DATA BELOW

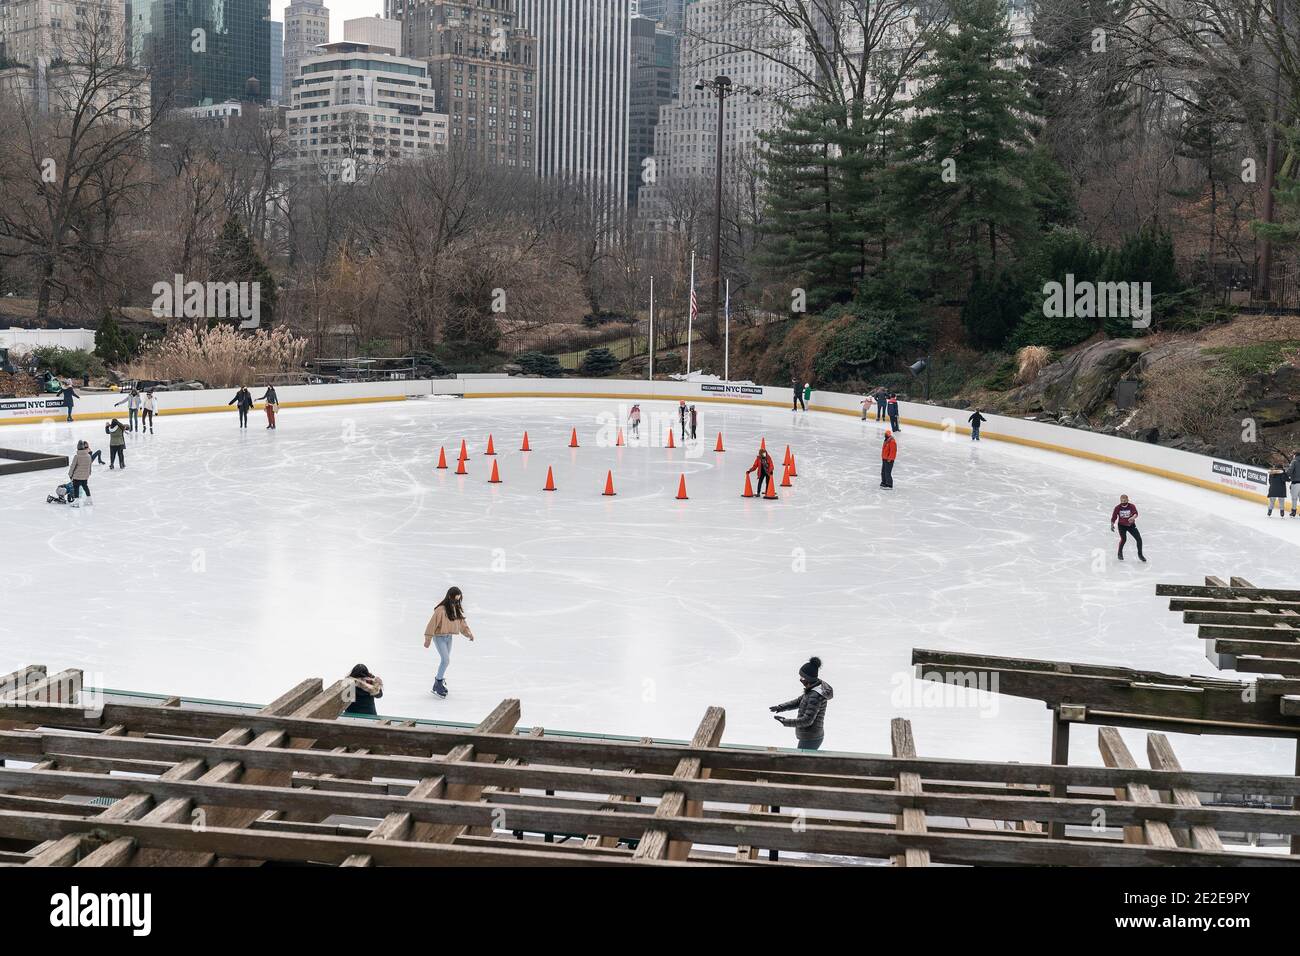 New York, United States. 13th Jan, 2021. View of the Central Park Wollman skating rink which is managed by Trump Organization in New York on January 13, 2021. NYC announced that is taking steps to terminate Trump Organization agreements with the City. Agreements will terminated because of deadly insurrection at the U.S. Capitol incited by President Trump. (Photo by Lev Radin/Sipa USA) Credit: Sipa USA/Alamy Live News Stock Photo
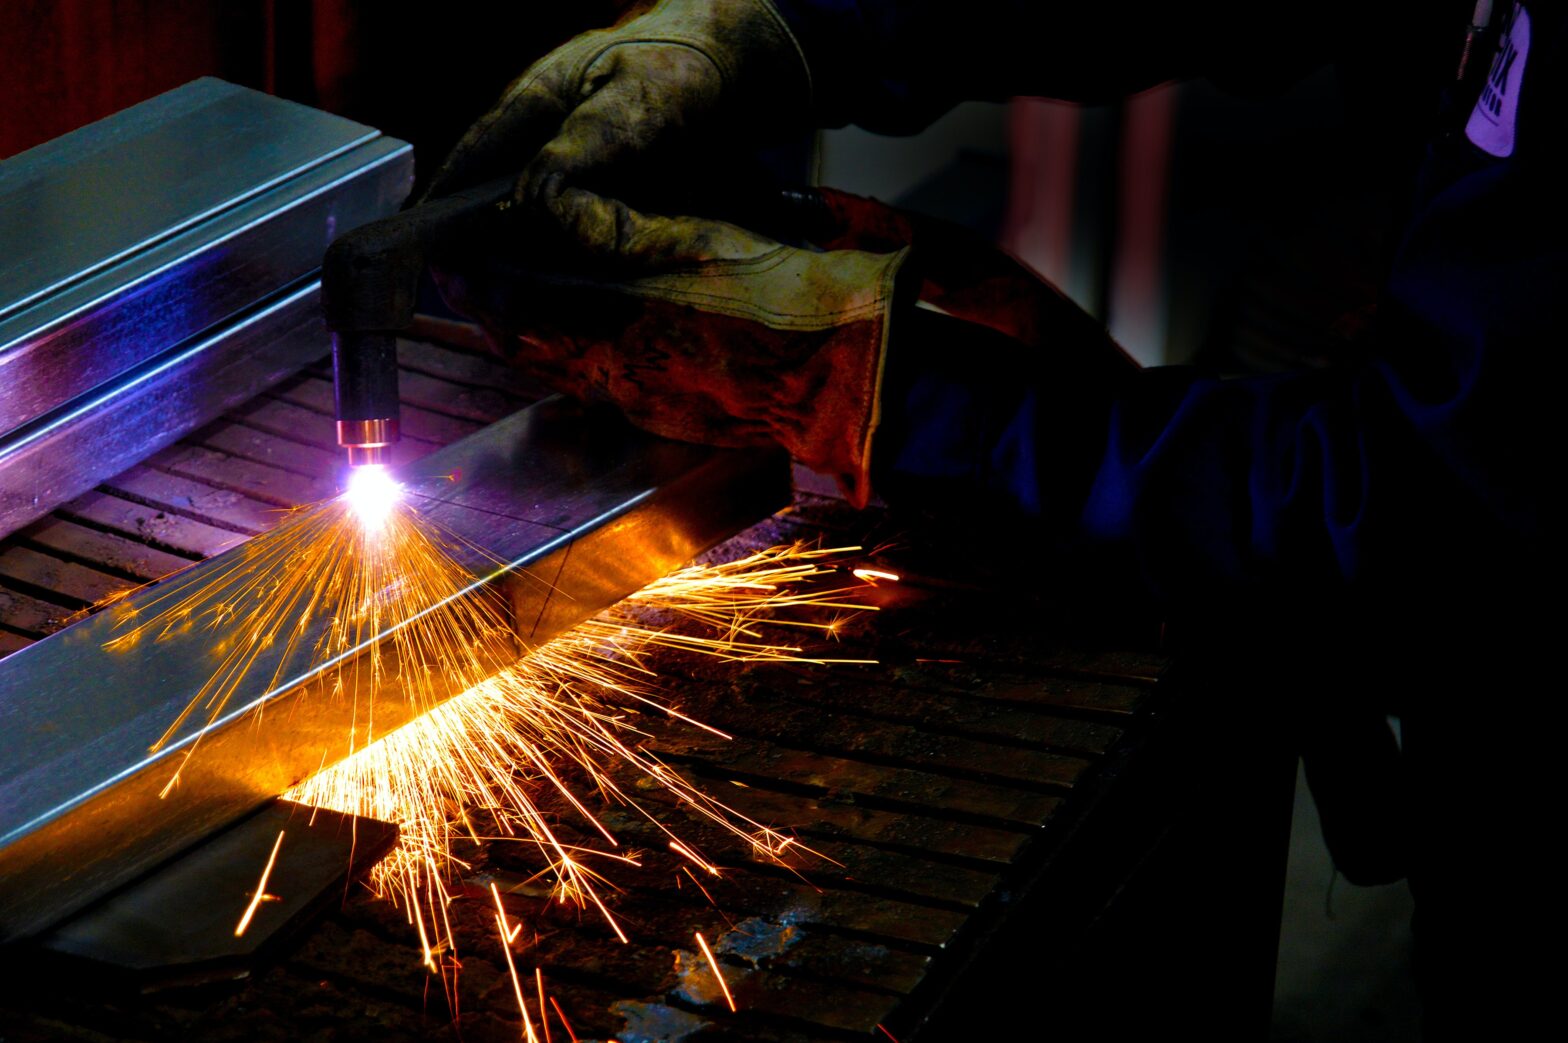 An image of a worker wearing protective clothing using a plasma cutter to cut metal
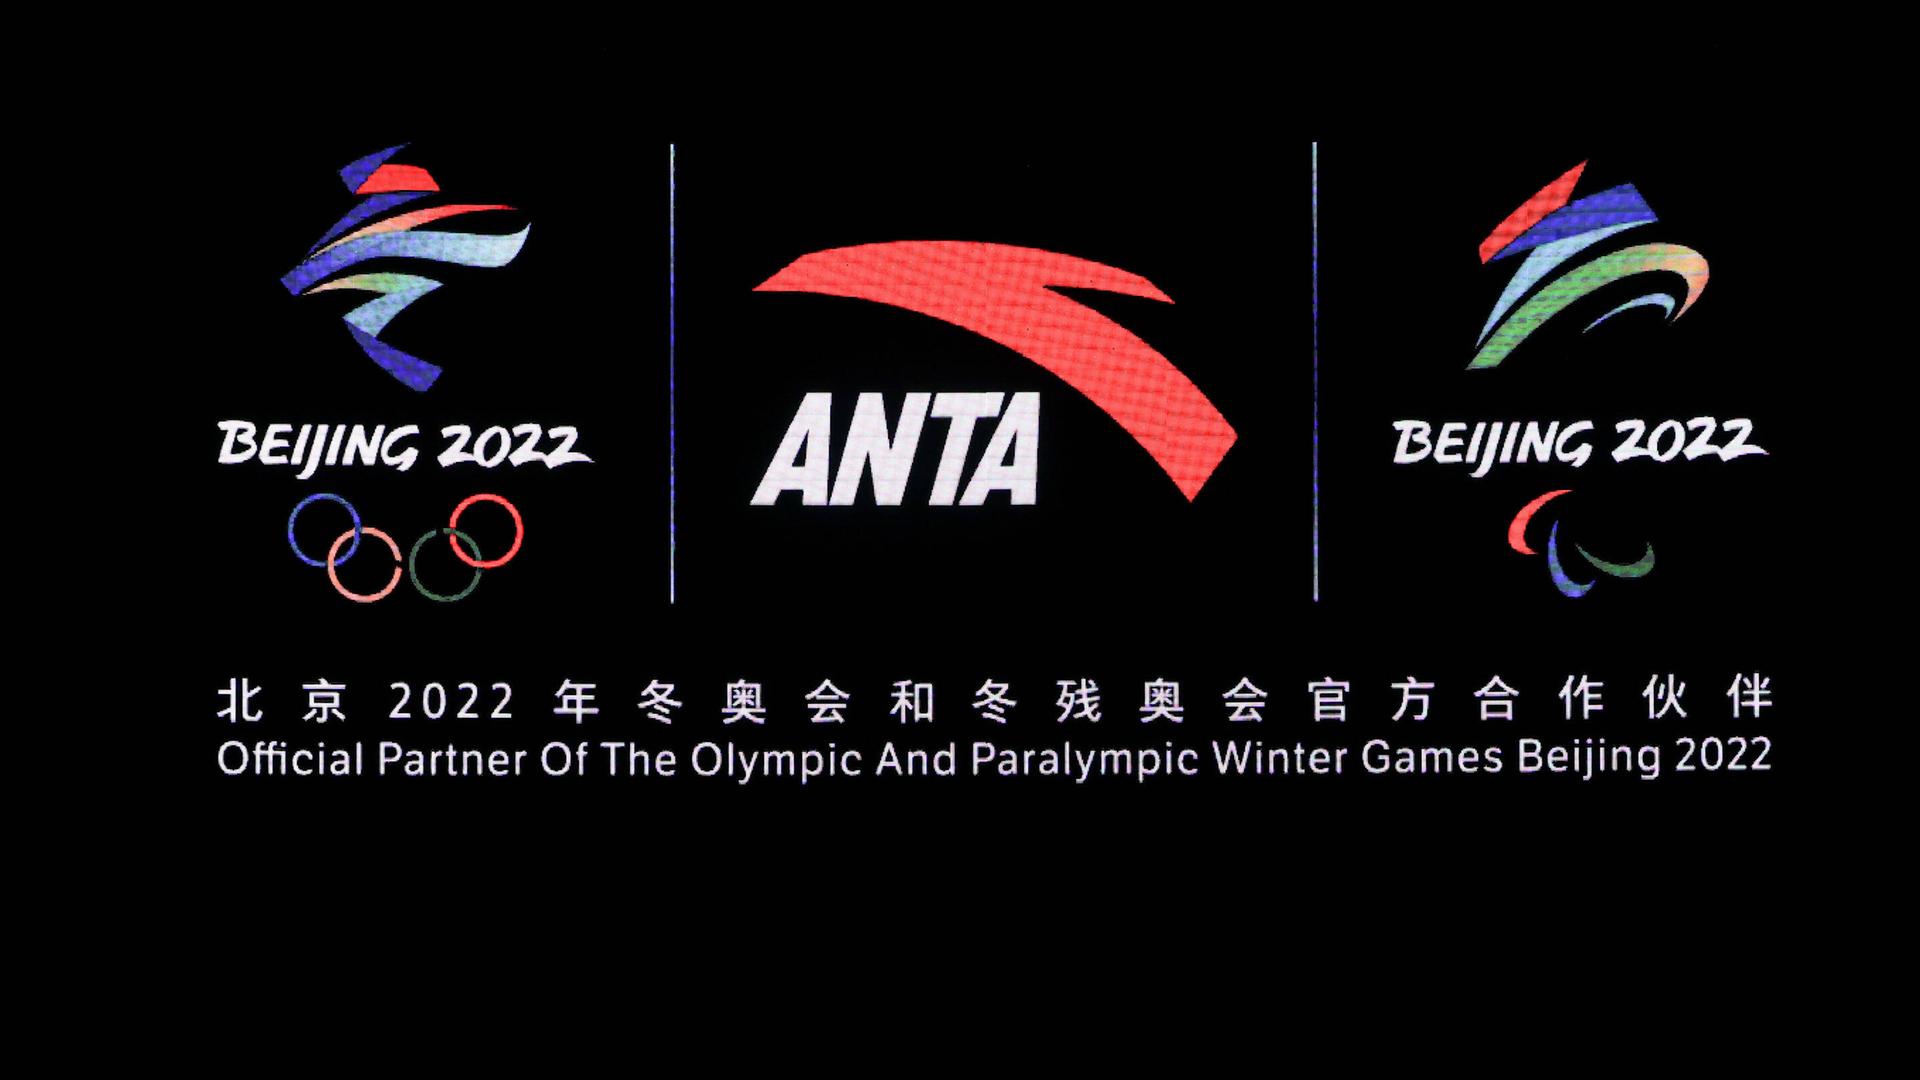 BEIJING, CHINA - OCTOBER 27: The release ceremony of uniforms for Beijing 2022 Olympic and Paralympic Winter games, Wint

DESCRIPTION OF THE TASK
Restate each line of the material word for word, skipping any picture.

REPLY
 New York, United States. 13th Jan, 2021. View of the Central Park Wollman skating rink which is managed by Trump Organization in New York on January 13, 2021. NYC announced that is taking steps to terminate Trump Organization agreements with the City. Agreements will terminated because of deadly insurrection at the U.S. Capitol incited by President Trump. (Photo by Lev Radin/Sipa USA) Credit: Sipa USA/Alamy Live News Stock Photo
 An image of a worker wearing protective clothing using a plasma cutter to cut metal
 BEIJING, CHINA - OCTOBER 27: The release ceremony of uniforms for Beijing 2022 Olympic and Paralympic Winter games, Wint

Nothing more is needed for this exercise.